Governor budgets for bridge repairs

A bridge collapse in Minnesota last summer raised concerns about the country’s aging infrastructure.

A bridge collapse in Minnesota last summer raised concerns about the country’s aging infrastructure.

This fall, the New York State Department of Transportation reported that about 12 percent of the highway bridges in the state are classified as structurally deficient, while another 26 percent are classified as functionally obsolete.

In an effort to address this issue, Gov. Eliot Spitzer’s 2008-09 state budget dedicates $140 million to upgrade state and local bridges. This project would be funded by increasing the annual auto insurance fee from $5 to $20.

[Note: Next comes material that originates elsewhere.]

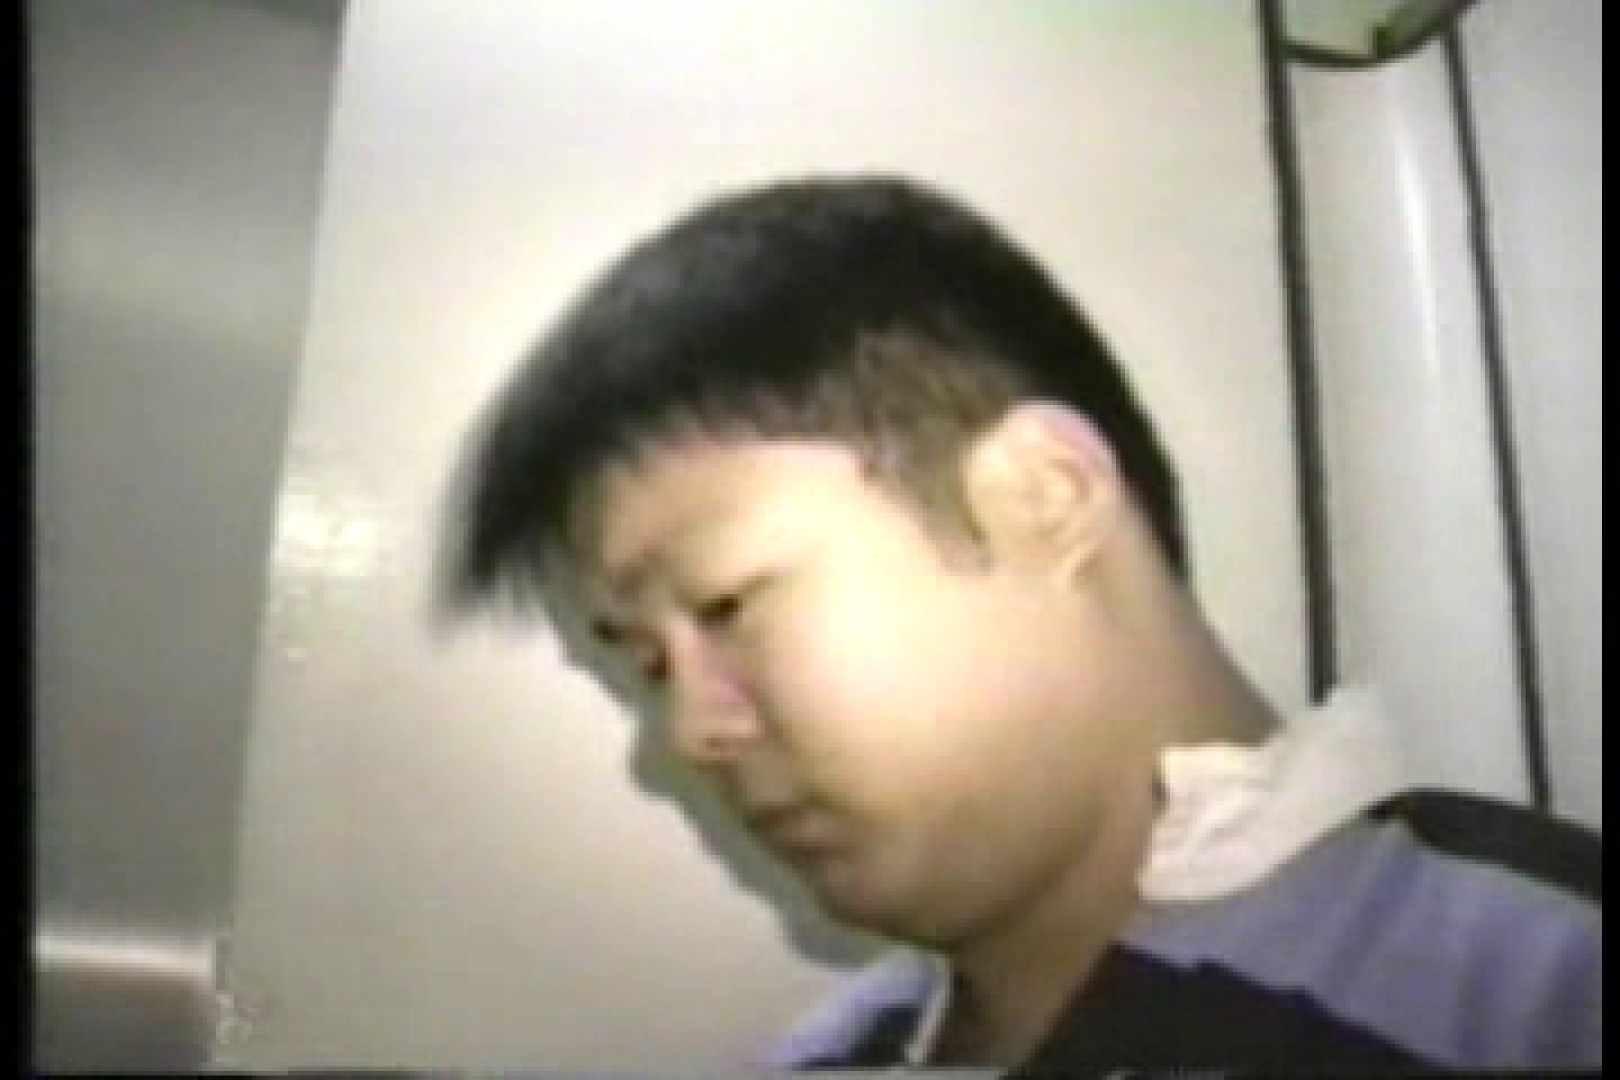 太った男じゃダメですか?16 フェラ男子 男同士動画 39連発 4

Specifically, the new revenues will provide $13 million for 10 state Department of Transportation bridge maintenance crews to perform year-round bridge inspection repairs, $67 million for maintenance and capital contracts on state bridges and $60 million for capital grants to municipalities to enhance the maintenance and repair of local bridges. Overall, 339 new positions would be created to support the state and local bridge preservation program.

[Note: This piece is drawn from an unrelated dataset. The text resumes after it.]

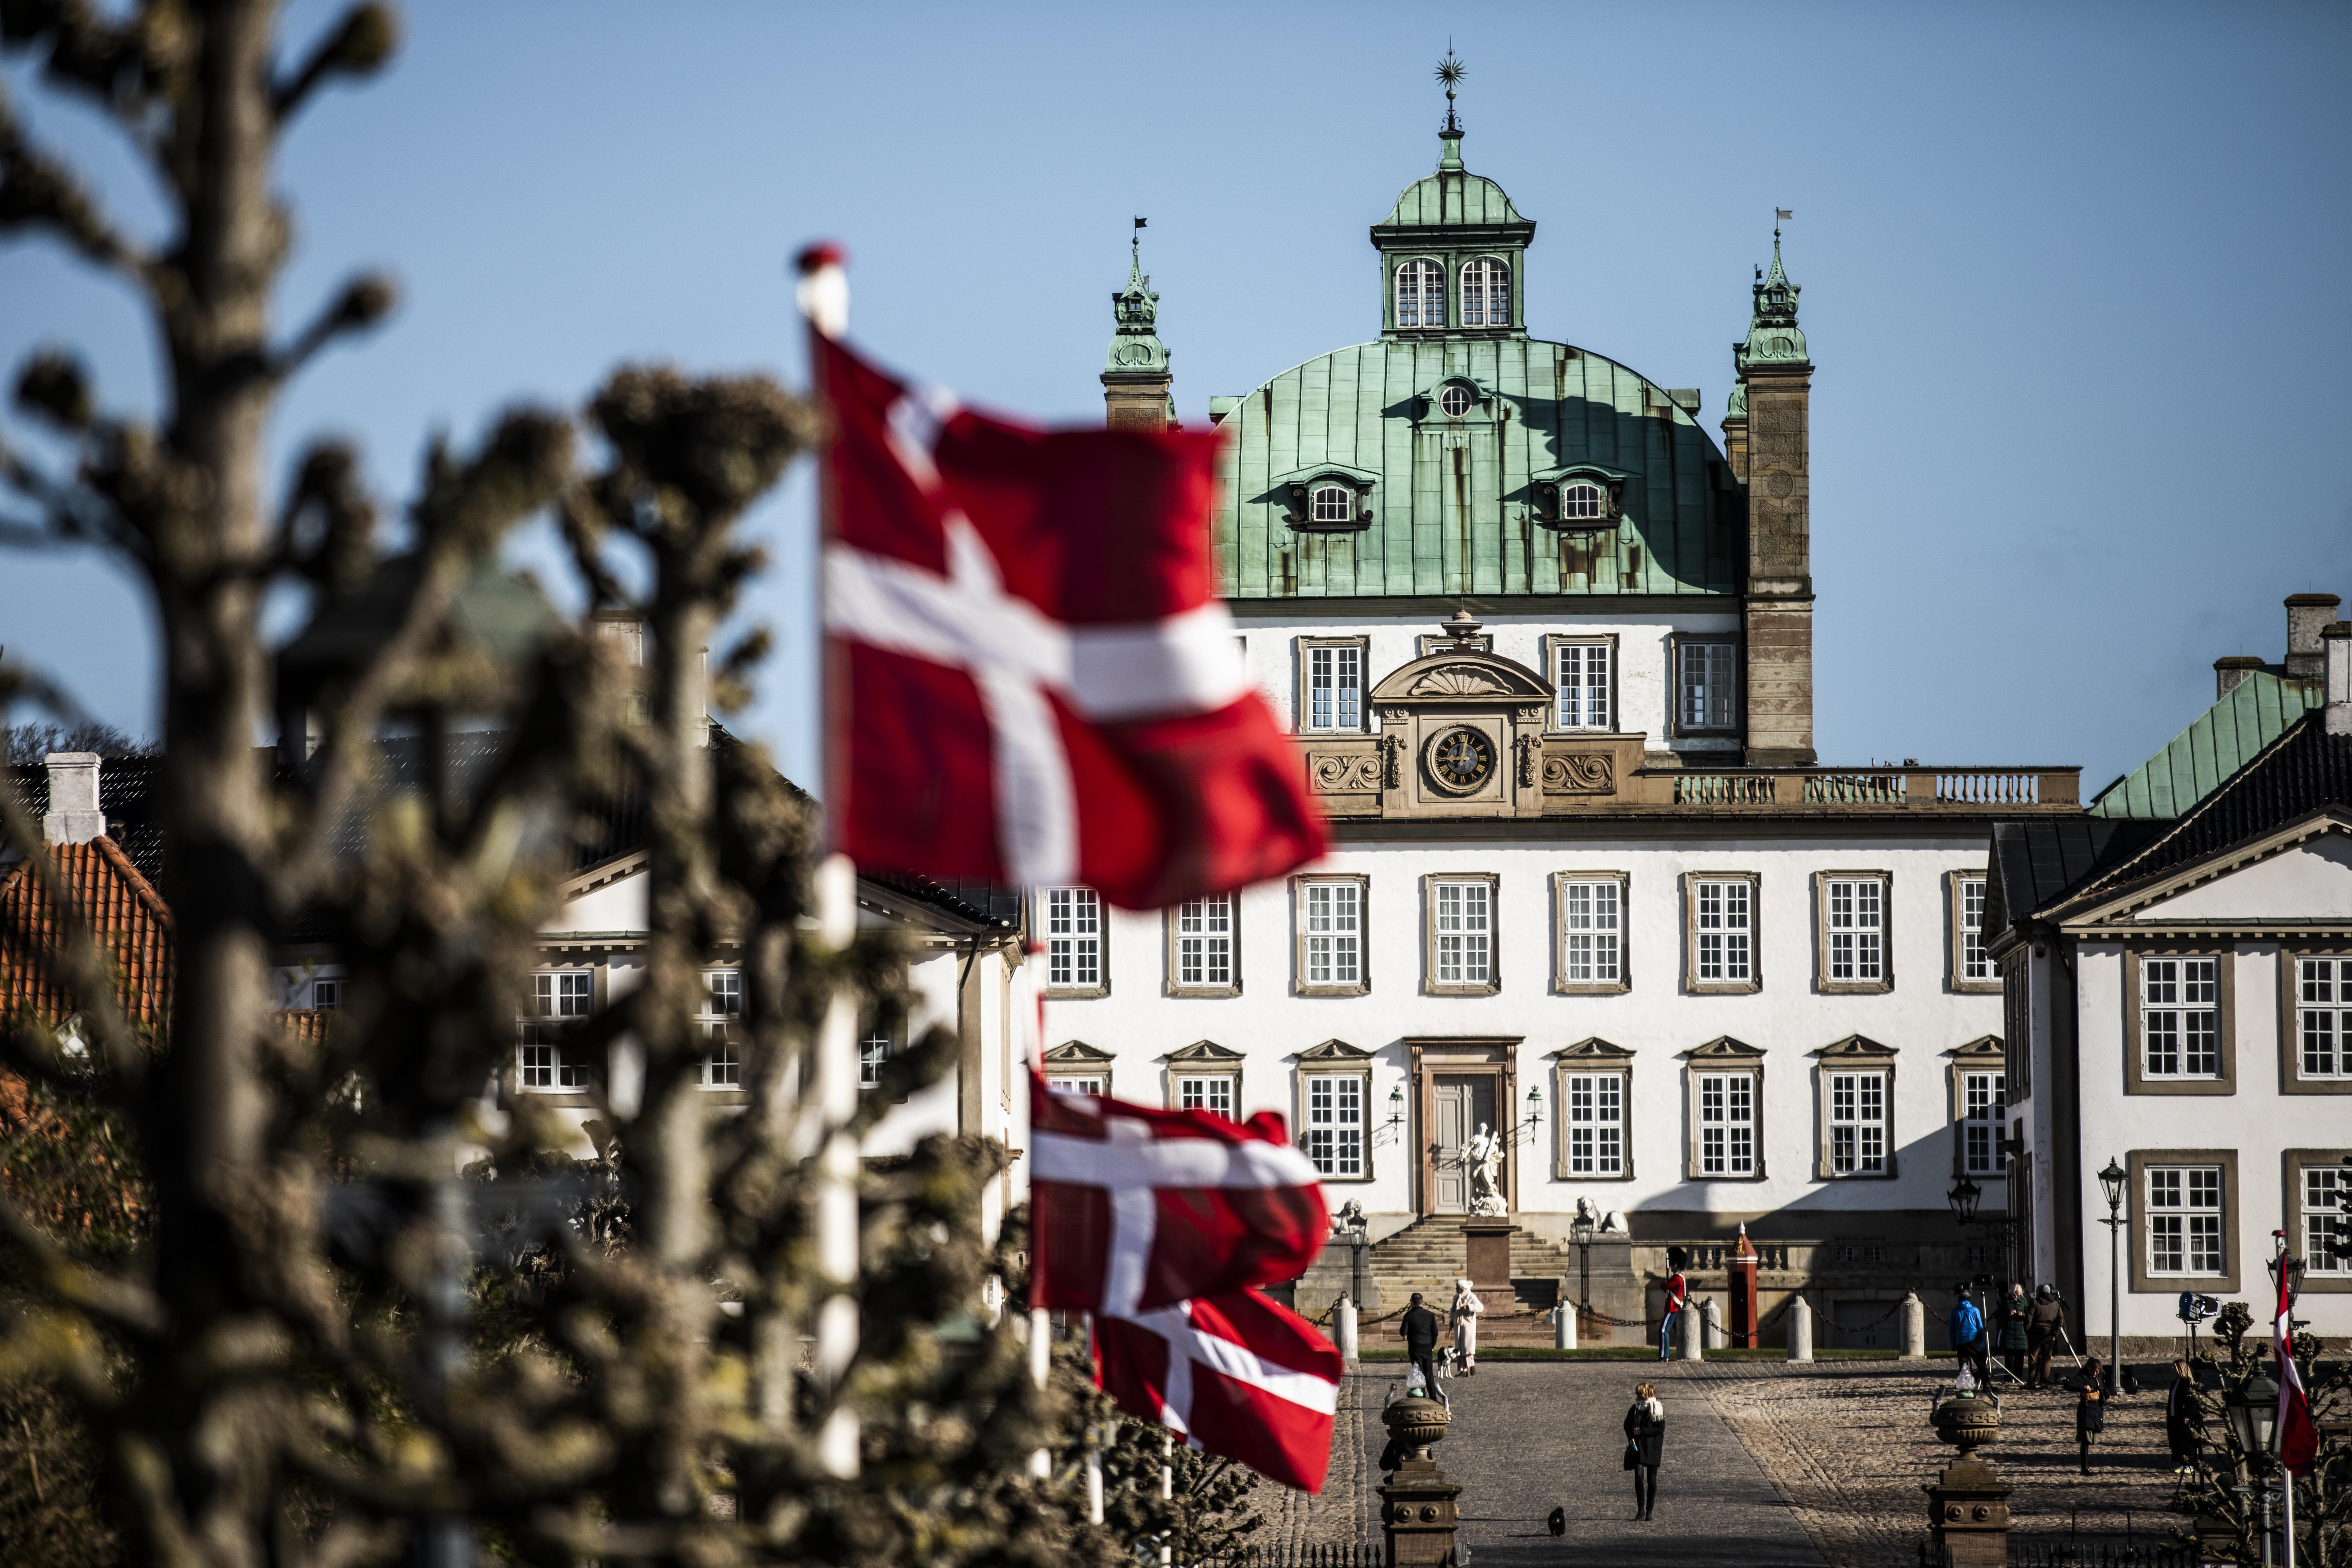 banderas danesas Palacio de Fredensborg Dinamarca

Steve Stallmer, executive director for member services of the New York state chapter of the Associated General Contractors of America, a group that advocates for increased spending on transportation infrastructure, said his group is awaiting more details on the budget, but “we did see some things we definitely like. The state is making a commitment to shoring up bridge conditions. We were pushing the state to take action before the Minnesota tragedy.”

The budget also provides $30 million to improve the speed and reliability of Amtrak connections between upstate New York and New York City. A spokesman for the state Division of Budget said the state has yet to determine exactly where those improvements will be made.

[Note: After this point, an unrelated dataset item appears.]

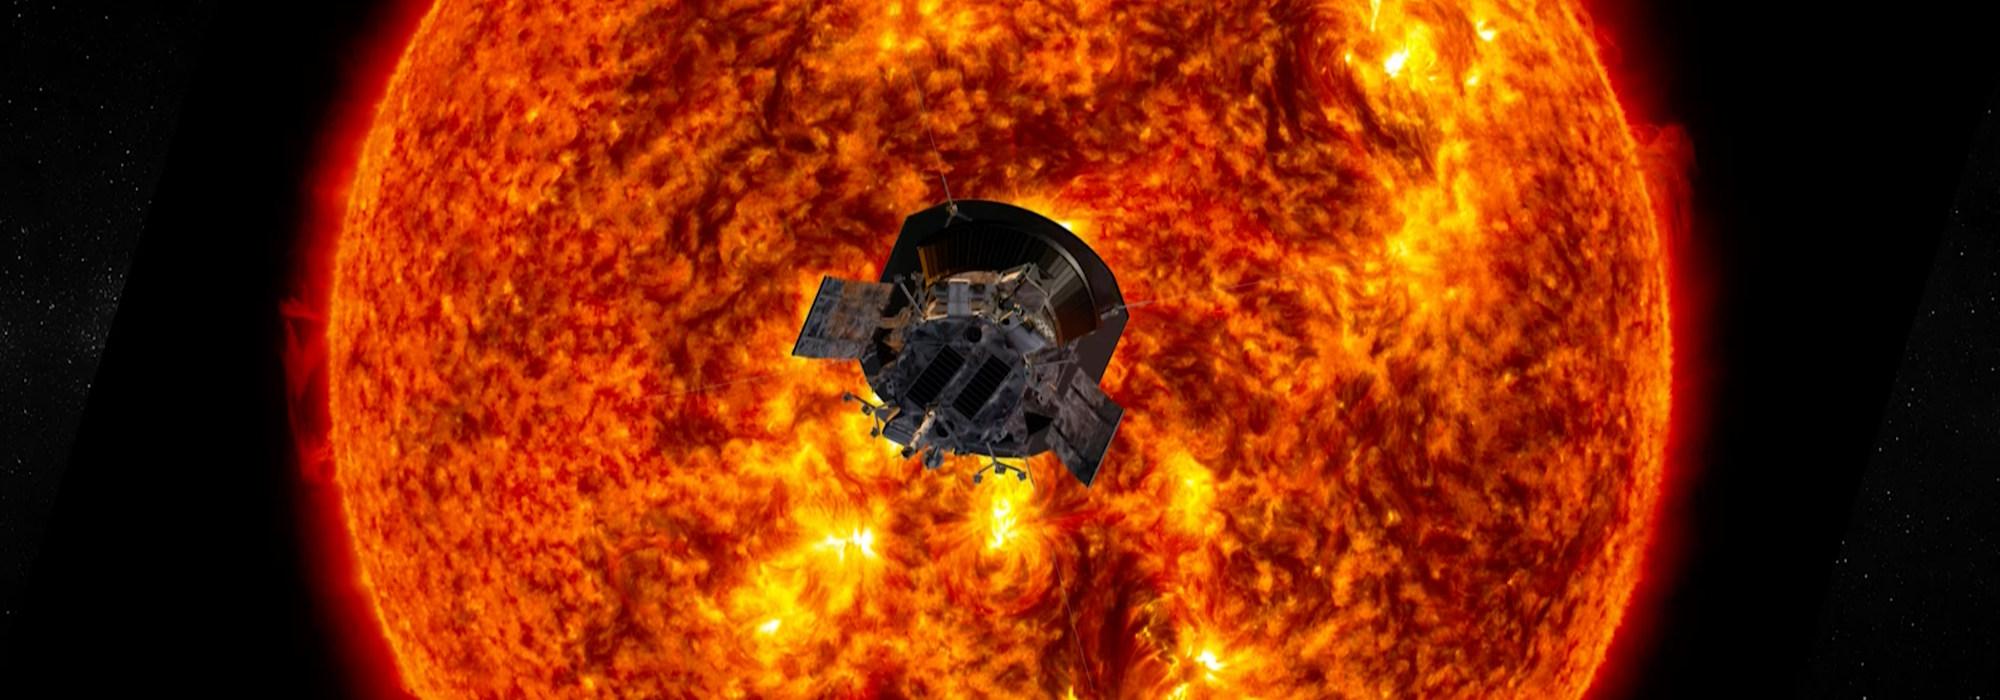 Parker Güneş Sondası, Güneş'e Dokunacak

Bruce Becker, a spokesman for the Empire State Passengers Association, which advocates for fast, reliable rail service, said the group is pleased that the budget includes funding for rail service.

“There’s certainly much to be done,” he said.

Last year, the state committed $22 million to improving rail service between New York City and the Capital Region; at the Rensselaer train station, a fourth track will be added to reduce the time needed to turn trains around for the return trip downstate. Another $6 million will be spent at the Hudson train station.

“We hope [the funding in next year’s budget] will be used wisely and on other projects,” Becker said. He suggested a second track be built between Schenectady and Rensselaer to “eliminate that bottleneck.

“A prevalent problem with Amtrak is its reliability,” he said.

Becker added that the state should look at rail projects throughout the state, not just between Albany and New York City.

Overall, Spitzer’s proposed Department of Transportation budget for 2008-09 is $7.72 billion; in 2007-08, the state appropriated $7.35 billion. The proposed budget also allocates a record level of aid — $173 million — to the Metropolitan Transit Authority.